The Chancellor, The MP and the Streisand Effect

By Simon Tolson on 15th Mar 2020
Let your Property » Owners Blog » The Chancellor, The MP and the Streisand Effect

In last month's budget & financial round up I highlighted the paragraph hidden in the small print where the chancellor said he would be examining the rules around council tax and business rate exemption for holiday homes.

At the time I wondered if for the second time in a few years our business was seeing a prime example of the Streisand effect and having spoken to other people in the industry I'm sure it is.

For those of you not familiar with the concept the Streisand effect is when an attempt to suppress or ban something ends up having the opposite effect by drawing attention to it.

It was coined in 2003 when when a small website was set up showing aerial photographs of the California coast with the intention of documenting coastal erosion.

Barbara Streisand's lawyers filed a lawsuit with the intention of getting them to remove a picture of her beachfront mansion.

Before the legal action the image had only been downloaded 8 times including twice by the Streisand legal team, within months millions of people had seen it.

In 2014 Sandbanks was involved in a classic example of the phenomenon when our MP raised the issue of party houses in Sandbanks disturbing residents with stag and hen parties playing loud music into the night and generally behaving badly.  To illustrate the problem Mr Syms relayed some lurid tales of butlers in the buff, blow up dolls and worse which of course was seized upon with glee by the tabloid press. ‘Millionaires enclave invaded by drunks, naked butlers and prostitutes’ screamed the Daily Mail and many other similar headlines followed.  Never mind that none of the houses in question were actually on Sandbanks or that we were talking about very isolated incidents it was a great story.

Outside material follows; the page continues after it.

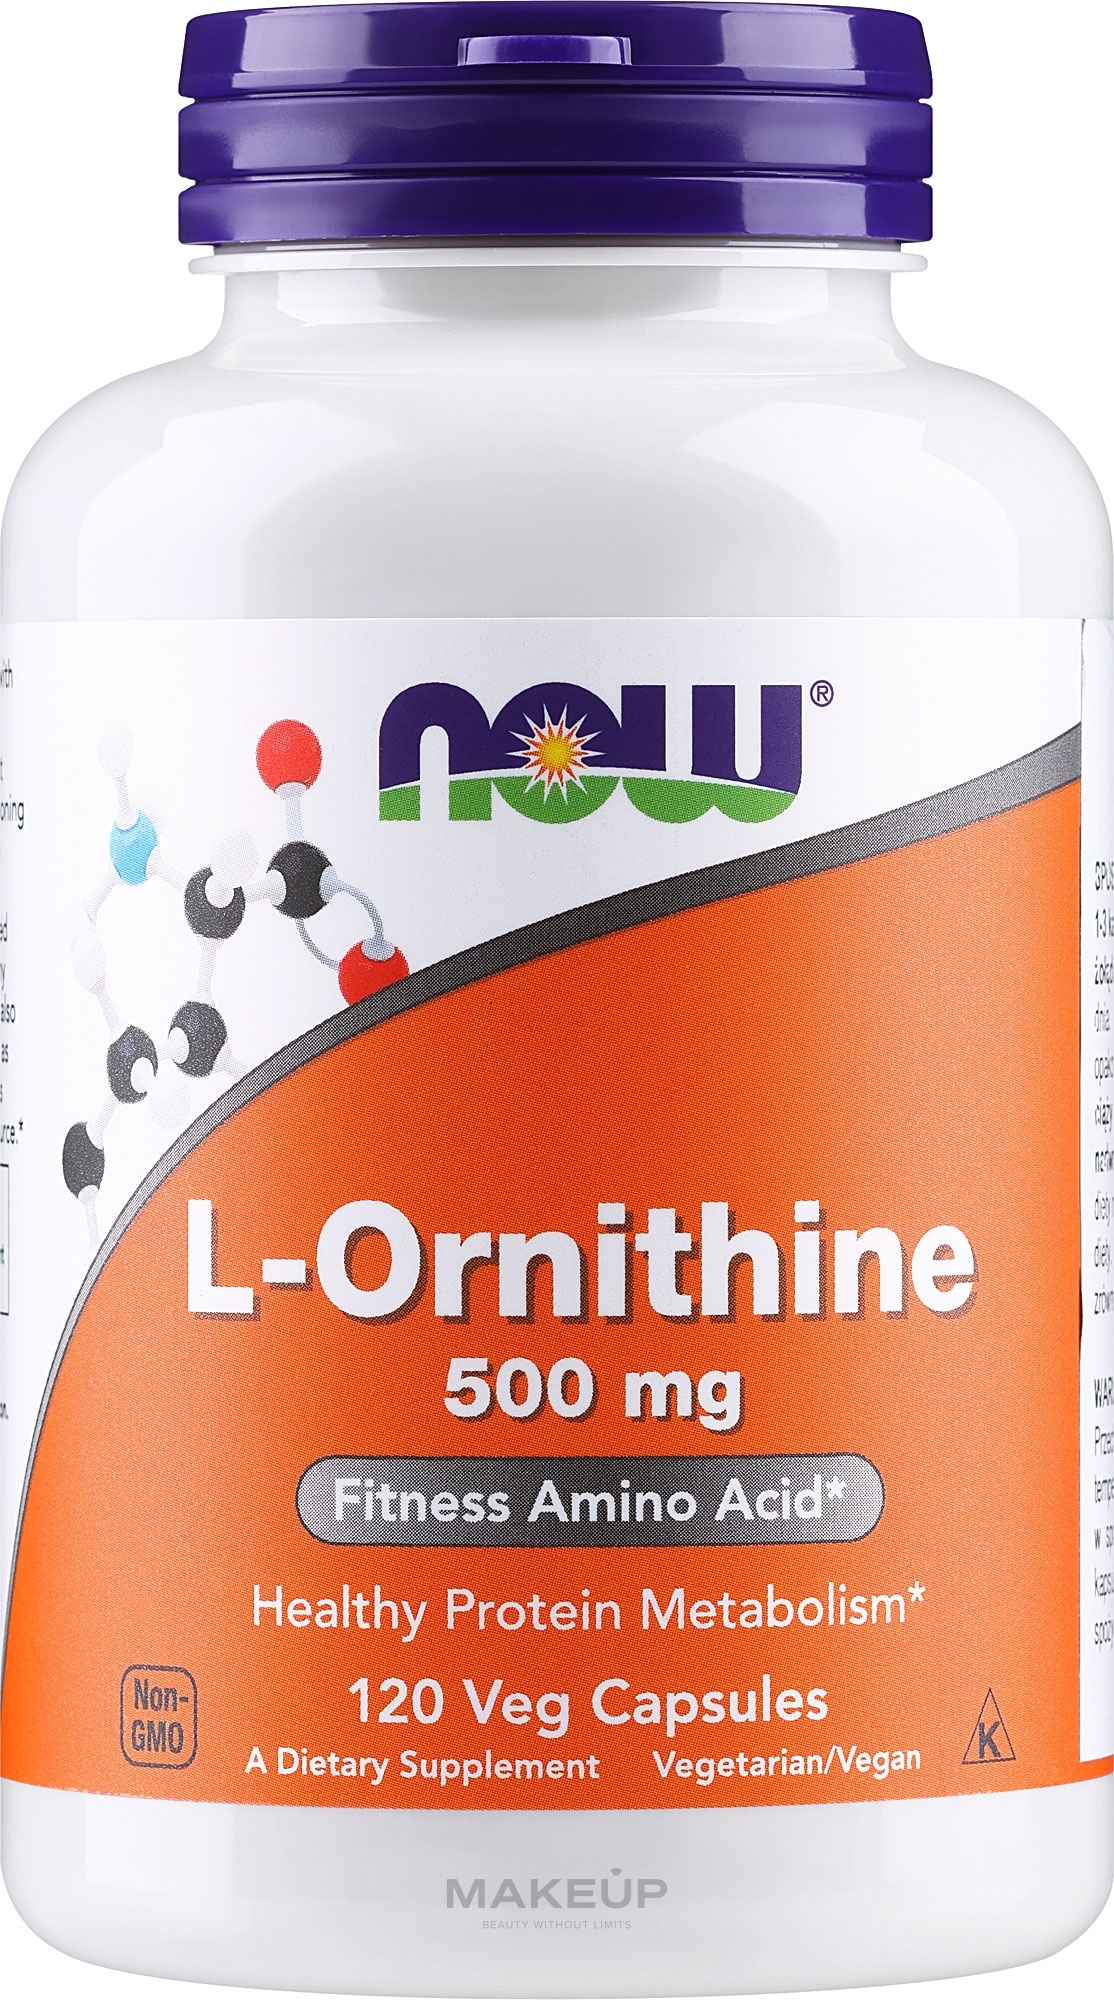 Suplement diety L-ornityna, 500 mg - Now Foods L-Ornithine Veg Capsules — Zdjęcie 120 szt.

Stag and Hen parties are not our business but I know someone who does promote them in the Poole area and page views on their site went from an average of less than 50 a day to nearly 5,000 a day in the following week.  There are no formal records but I think we can safely assume that there were many more incidents in the following year!

Anyway back to the budget announcement where the Chancellor inserted a warning for holiday home owners:

‘Business rates treatment of self-catering and holiday let accommodation – There is concern that some owners of properties that are not genuine businesses may seek to reduce their tax liability by falsely declaring that the property is available for let. To ensure that second properties are subject to the appropriate tax, the government will consult on the criteria under which self-catering and holiday lets become chargeable to business rates rather than council tax.’

This is highlighting that the great benefit of paying no council tax or business rates can actually be achieved without really doing any holiday letting.  5 years ago I was finding that most owners joining us were not aware that they didn’t have to pay council tax but recently the message seems to have got through and most people have claimed their entitlement.

What I haven’t seen up until now is people who aren’t really holiday letting at all pretending to holiday let or more likely doing a very minimal amount just to qualify.  In order to get the considerable tax benefits of being a holiday let you have to pass a threshold of being available for 210 days and let for 105, in other words you have to be serious about it.  For some strange reason the rules to claim relief from council tax and business rates are much less onerous:

‘If your property is in England and available to let for 140 days or more per year, it will be rated as a self-catering property and valued for business rates.’

This clearly leaves the door wide open to abuse- you could make it available for 140 days at £2,000 a night, get no customers but still qualify for business rates and if it’s your only holiday property claim 100% relief.

Now like beggars driving BMWs or benefit claimants living in mansions I’m sure there are cases of people taking advantage of the rules but I’m sure they are very rare.  The Chancellor’s intervention, however, has highlighted the opportunity and with the government a little bit preoccupied at the moment I’m willing to bet that many more people will take advantage.